*** Opening of GIVEN MATERIAL ***

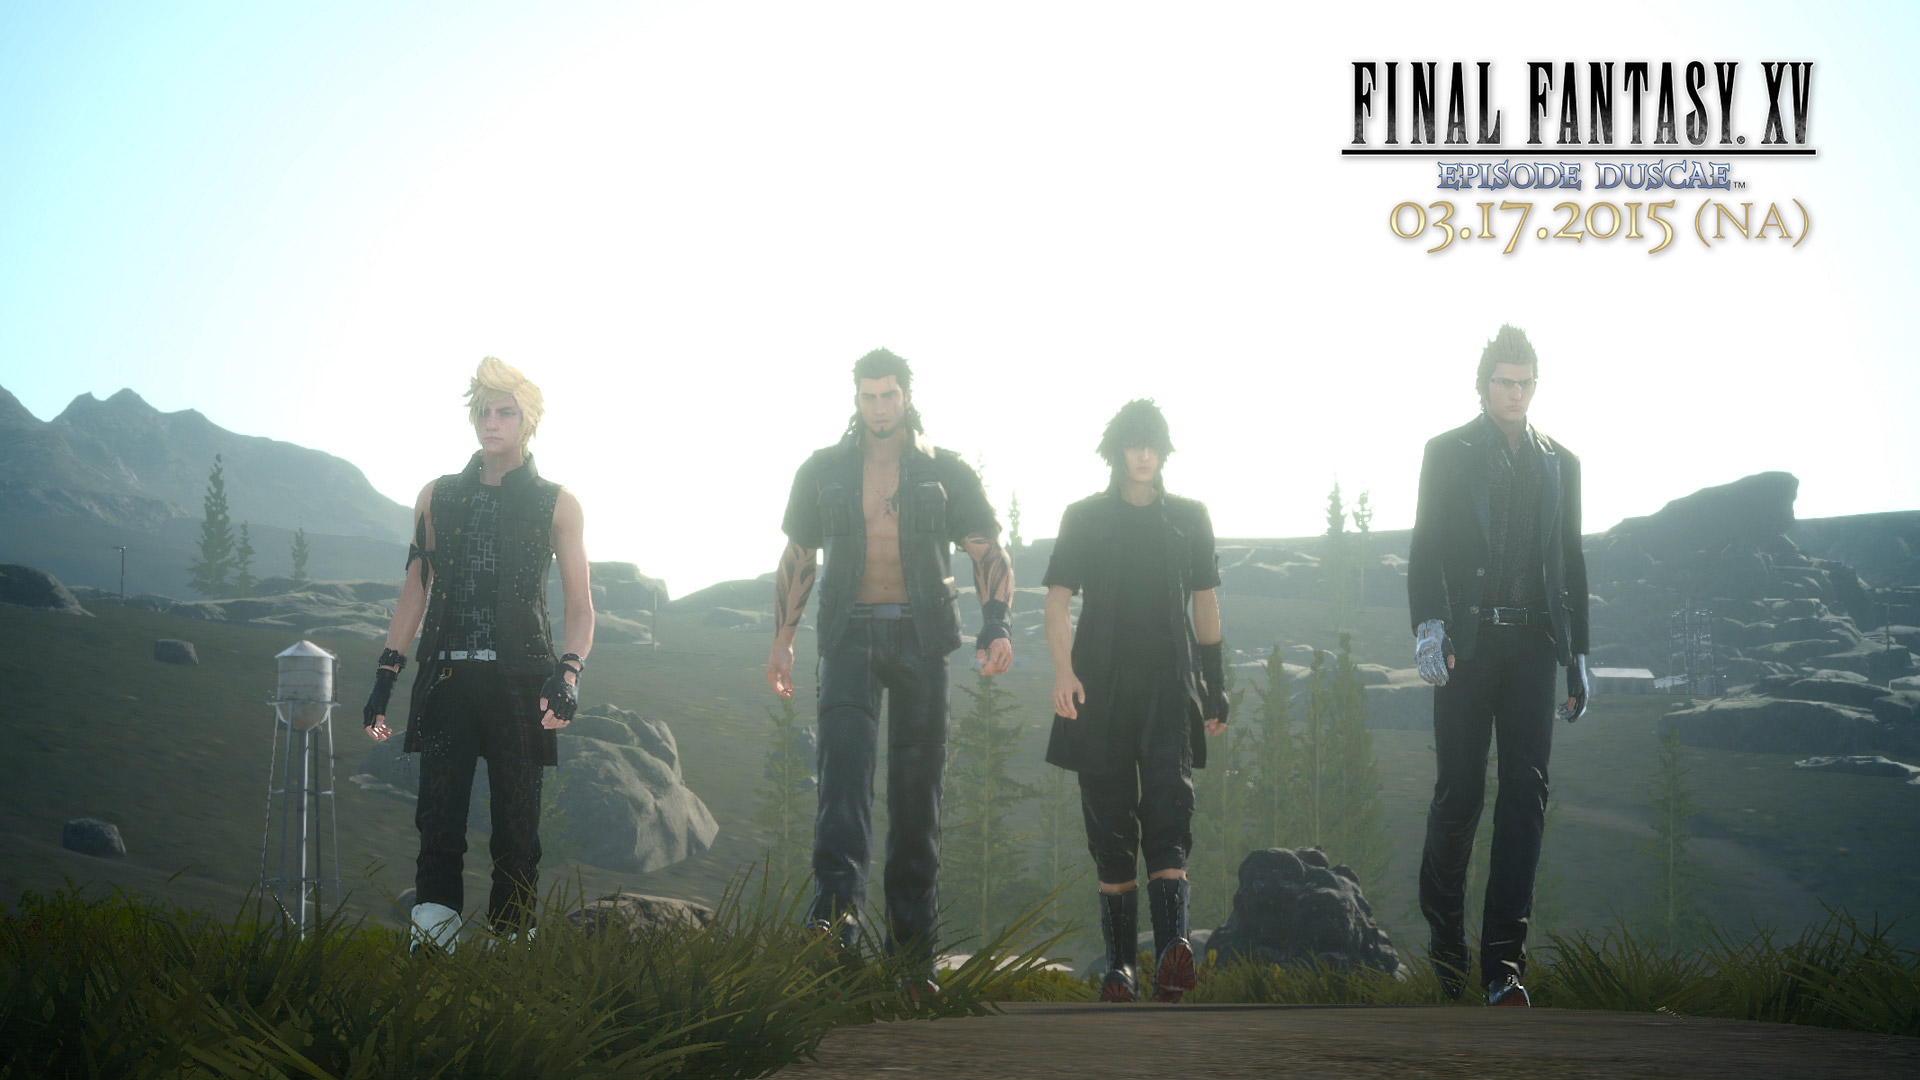 Free Download Final Fantasy Xv Wallpaper In 19x1080 19x1080 For Your Desktop Mobile Tablet Explore 46 Final Fantasy 15 Wallpapers Final Fantasy Hd Wallpaper Final Fantasy Wallpapers 19x1080 Final Fantasy 14 Wallpaper Hd
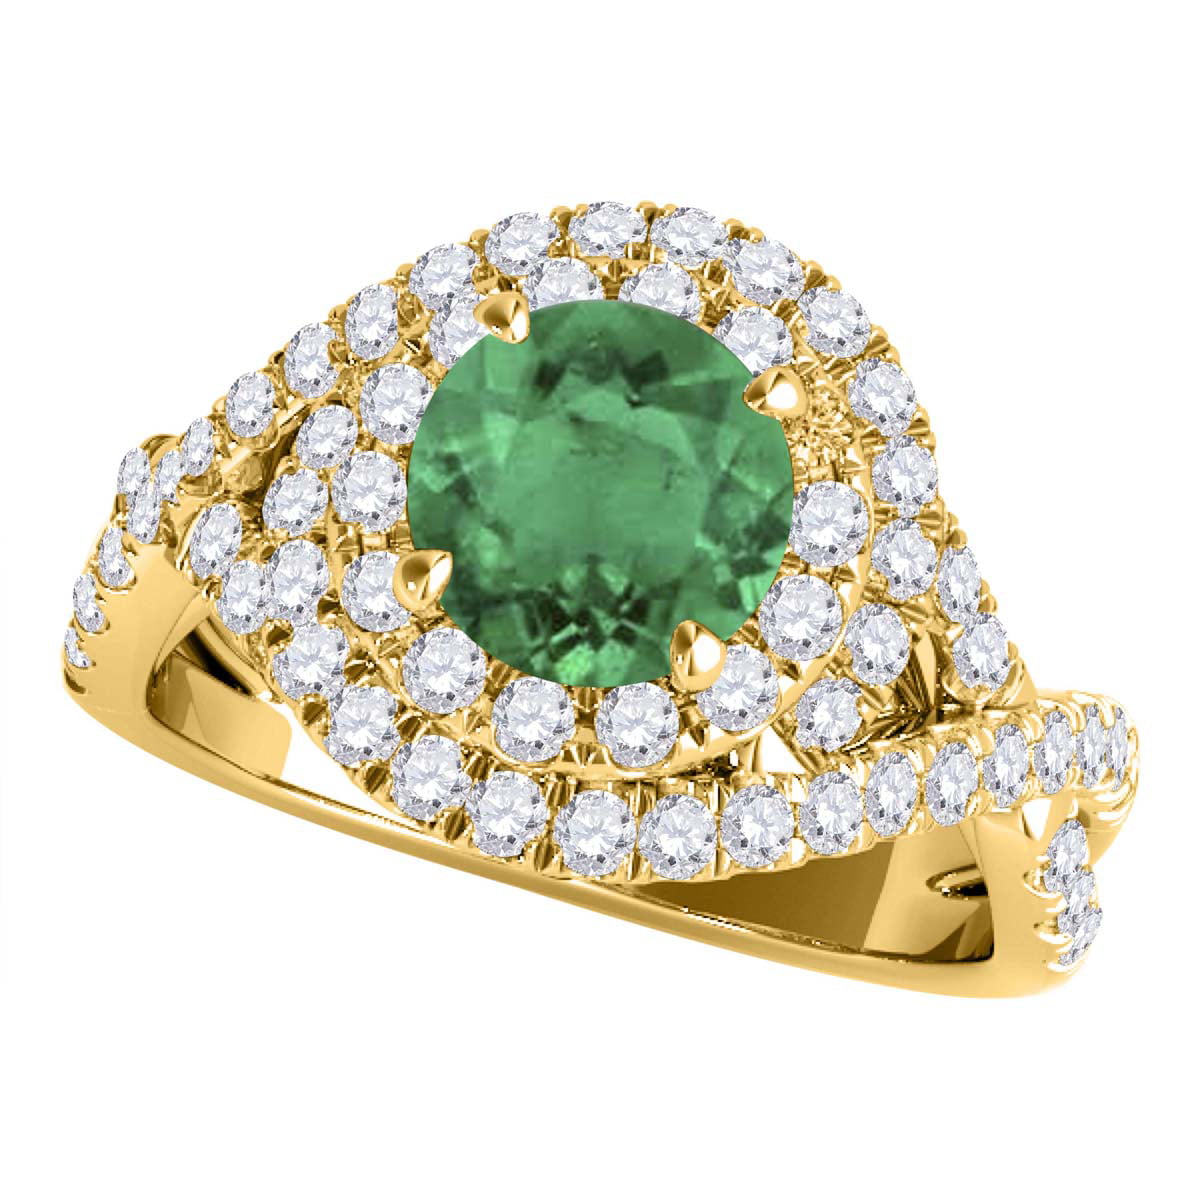 Vintage 1.10 Ct Emerald & Diamond Women's Engagement Ring 14K Yellow Gold Plated
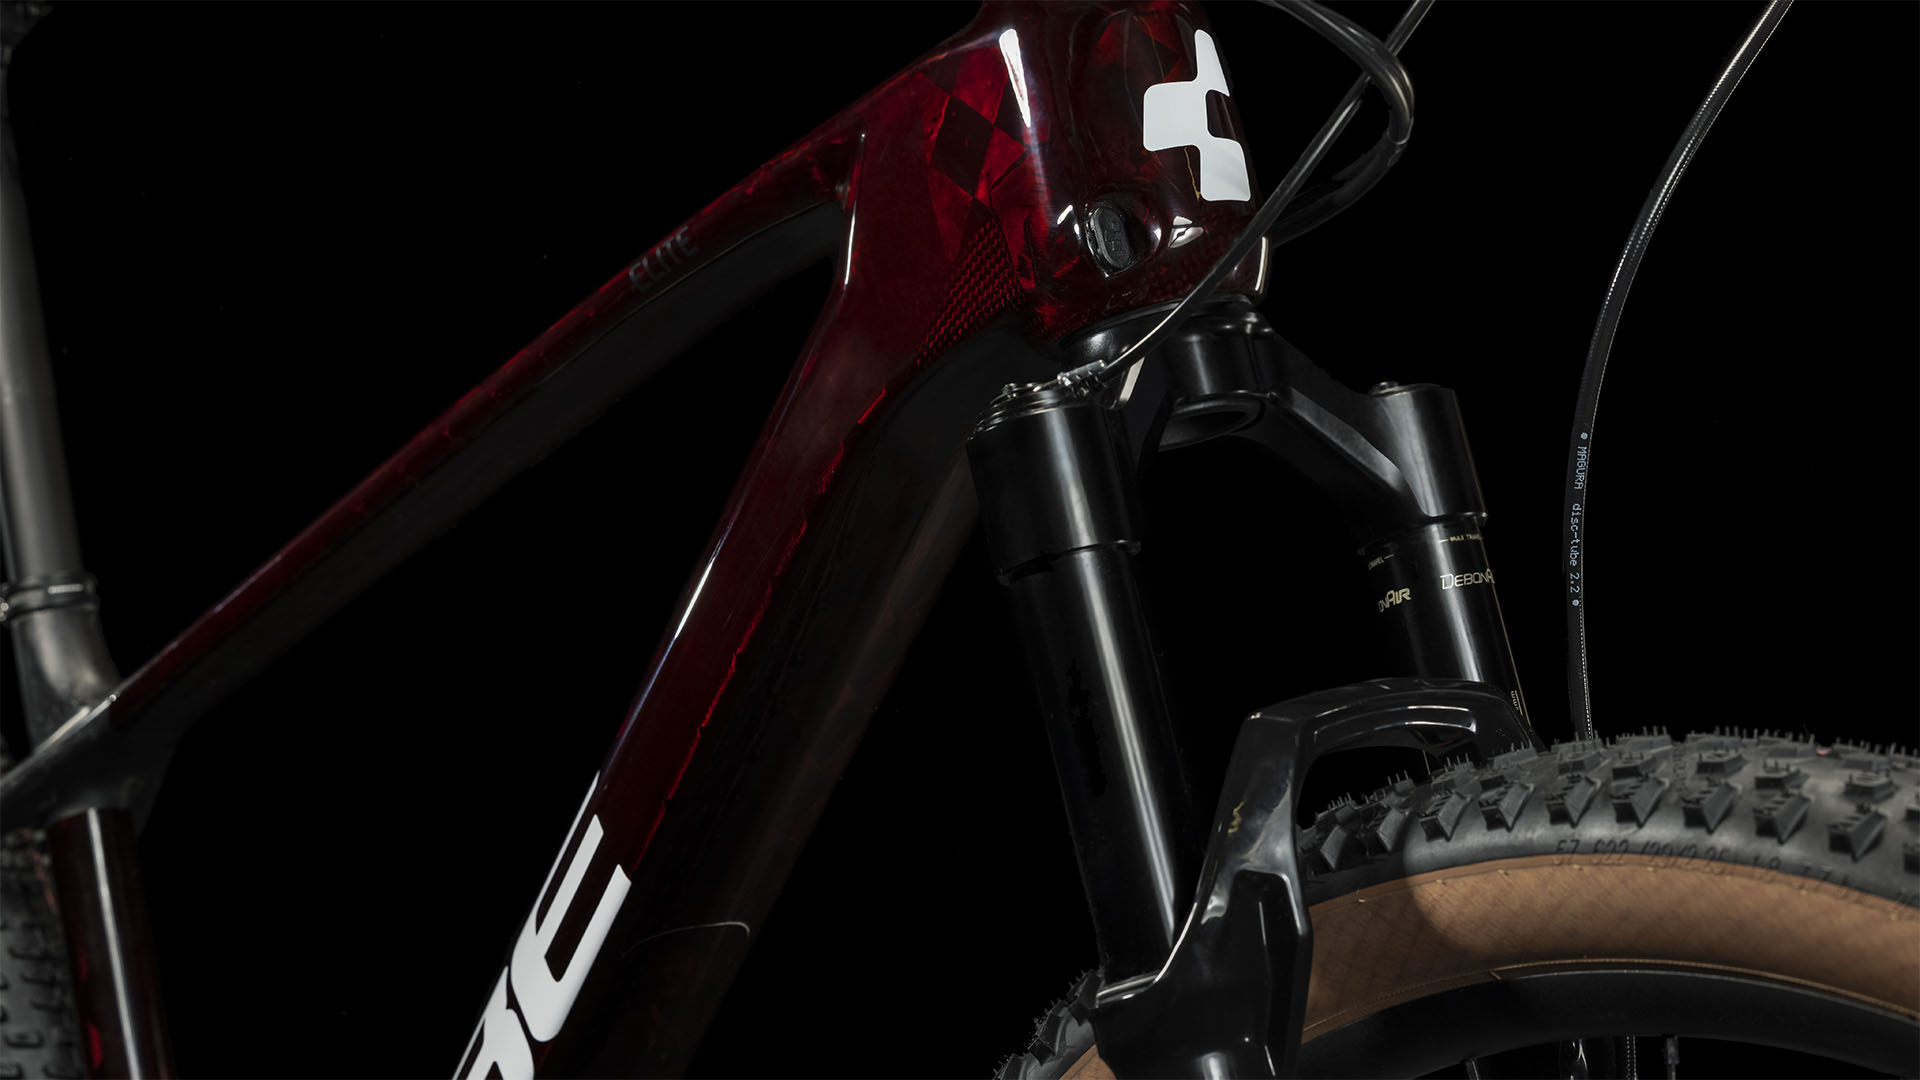 Cube Elite C:68X Race liquidred´n´carbon (Bike Modell 2023) bei tyl4sports.at

*** Close of GIVEN MATERIAL ***

Print the material precisely as given, dropping any images it holds.

 Free Download Final Fantasy Xv Wallpaper In 19x1080 19x1080 For Your Desktop Mobile Tablet Explore 46 Final Fantasy 15 Wallpapers Final Fantasy Hd Wallpaper Final Fantasy Wallpapers 19x1080 Final Fantasy 14 Wallpaper Hd
 Vintage 1.10 Ct Emerald & Diamond Women's Engagement Ring 14K Yellow Gold Plated
 Cube Elite C:68X Race liquidred´n´carbon (Bike Modell 2023) bei tyl4sports.at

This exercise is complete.